As extracellular vesicles, the exosomes secreted by cells are circulating in body fluids. Some of those exosomes have a size range from 30 to 100 nm; are recognized as intercellular communication vehicles, which are for supporting or interfering with physiological process and transferring biomolecules, including proteins and nucleic acids (NAs), such as messenger RNAs (mRNAs), microRNAs (miRNAs) and non-coding RNA (ncRNA).

Recent research studies show that exosomes play an important role in biological functions; and this is potentially a new disease biomarker in clinical applications, such as point-of-care (POC) diagnostics and personalized therapeutics. The proteins and nucleic acids in exosomes are much richer than those circulating in body fluids.

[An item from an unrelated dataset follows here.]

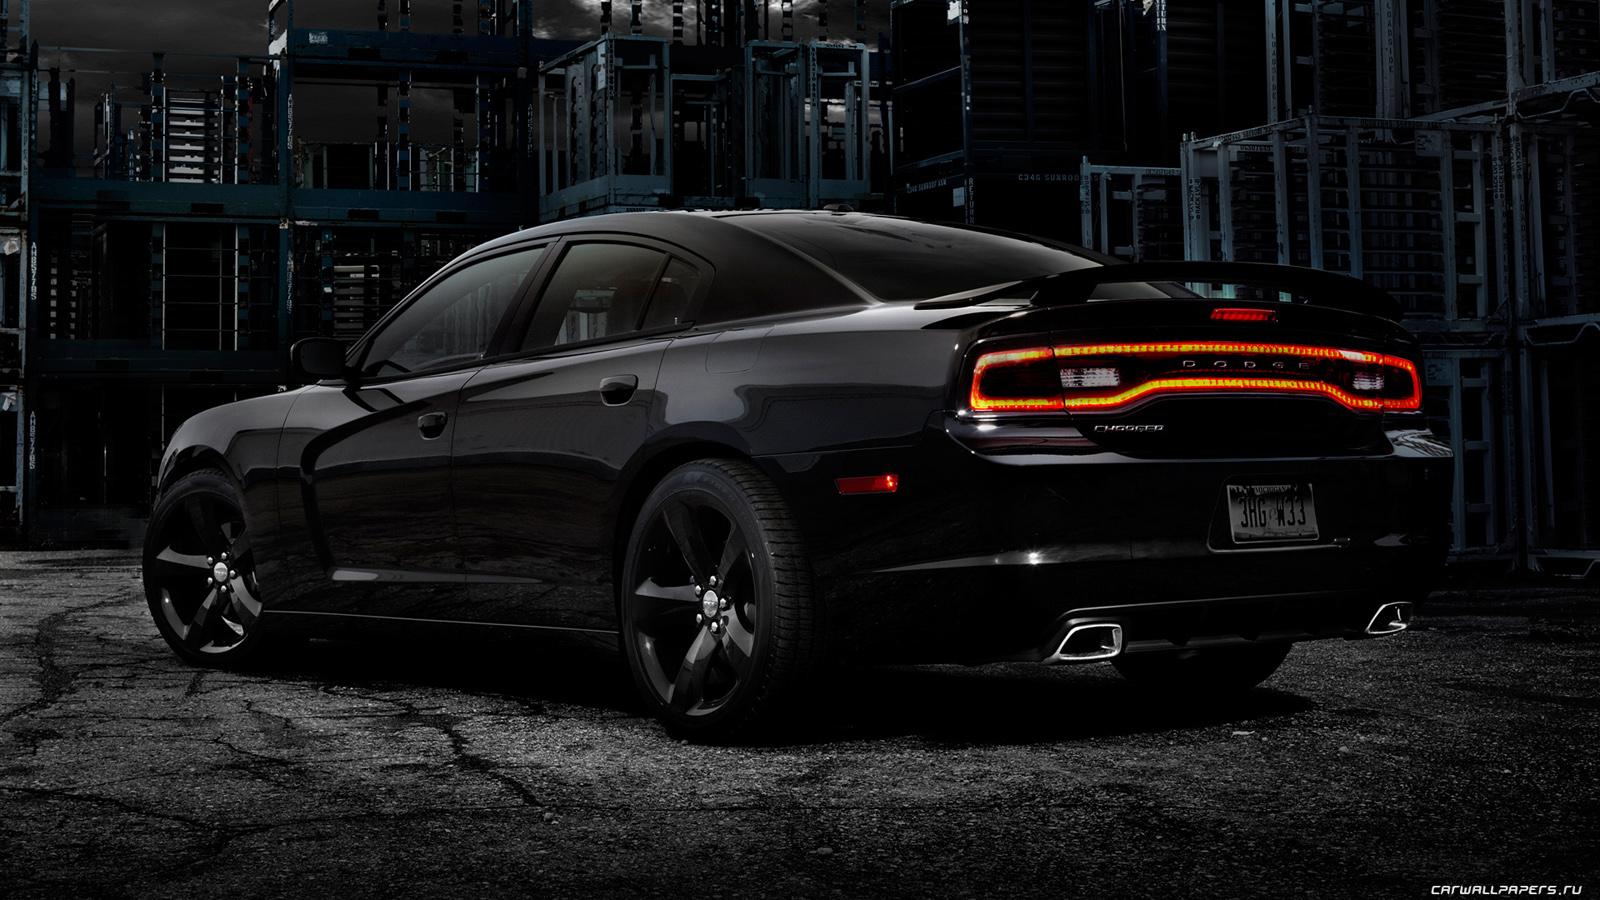 http-www-car-ru-wp-dodge-charger-blacktop-Dodge-Charger-Blacktop-x-wallpaper-wp3407055

However, the concentration of exosomes is very low in body fluids. We developed an ultrasensitive plasmonic platform for fast and quantitative detection of in vitro and in vivo derived exosomes. The dark field plasmonic counts based on  specific antibodies conjugated gold nanoparticles (GNPs) are used to quantify exosome amounts for pancreatic cancer in ten microliters of cell culture media, murine model serums, and clinical human serums, respectively. Implementing this technique can provide a fast and useful tool as quantitative analysis technique in the clinic whether it is for diagnosis, monitoring or therapeutic purposes as well as for the understanding of the role of exosomes in cancer progression. 

IV. Silicon Nanodisk for Ultrasensitive Peptide Detection

Tuberculosis (TB) infection caused by Mycobacterium tuberculosis (MTB) infection poses a significant global health challenge, not only to the patients severely affected, but also to the wider international community. Diagnostic criteria for TB are based on a host of scoring algorithms and tests, e.g., symptom presentation, chest radiography, tuberculin skin test, etc. While these have provided some relief, they are not without significant limitations, thus, driving the need for more sensitive, rapid and effective diagnostic means.

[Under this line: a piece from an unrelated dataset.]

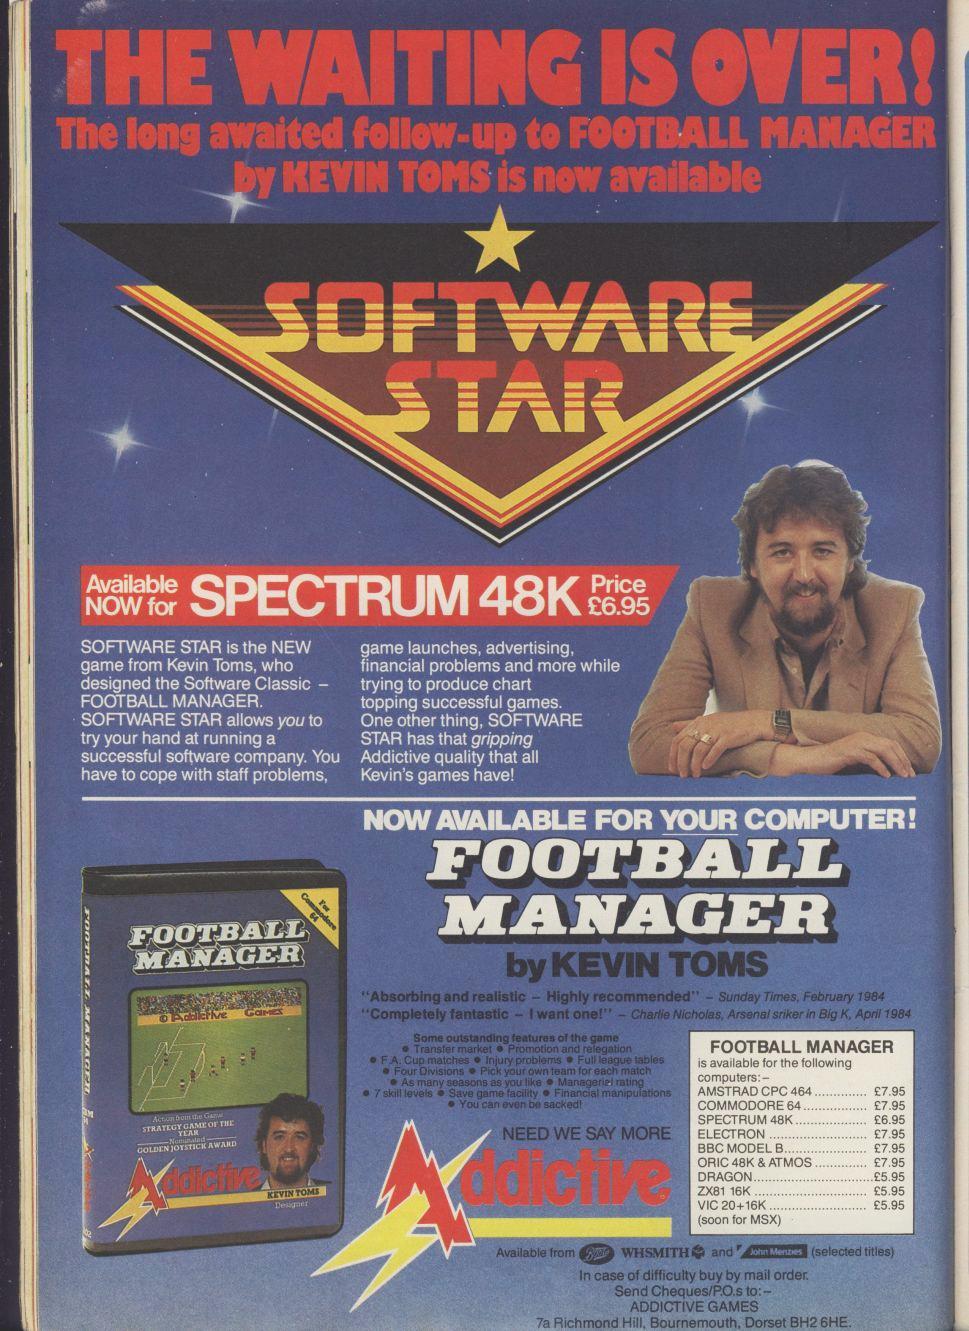 Football Manager Advert From The 1980s : VaporwaveAesthetics

In order to address the current limitations in clinical management of pediatric TB, we have developed a rapid and quantitative diagnostic and monitoring platform for active TB wherein porous silicon nanodisks (referred to as “pSiND”), loaded with target biomarkers, are used for identification of disease signatures by mass spectrometry (MS). Using this new biomarkers detection modality, pSiND-MS, we could detect and quantify two TB-specific blood-born biomarkers (CFP-10 and ESAT-6) at extremely low concentrations (1.0 fmol), which serve as signs of bacterial infection in advance of physiological manifestations observable by conventional protocols. Characteristics of ESAT-6 and CFP-10, i.e., antigens secreted by actively proliferating MTB, make them ideal biomarkers for active TB diagnosis and candidates for TB vaccine development. We used this approach to distinguish adult patients with active TB from those with latent tuberculosis infection, or healthy volunteers. Also, based on multiplex detection and quantification by pSiND-MS, we differentiated pediatric TB-infected patients (n=36) from non-TB children (n=35) according to the peptidic patterns of CFP-10 and ESAT-6. Our categorization of patient samples matched clinical designations at 100% specificity and 94.4% sensitivity. Just as important, we could render accurate diagnoses within one hour of sample-to-answer processing rather than wait the typical 4-6 weeks. The pSiND-MS technology platform has an added advantage in that high-throughput and accurate mass spectrometry has become a virtually essential technology for clinical diagnosis in many parts of the world.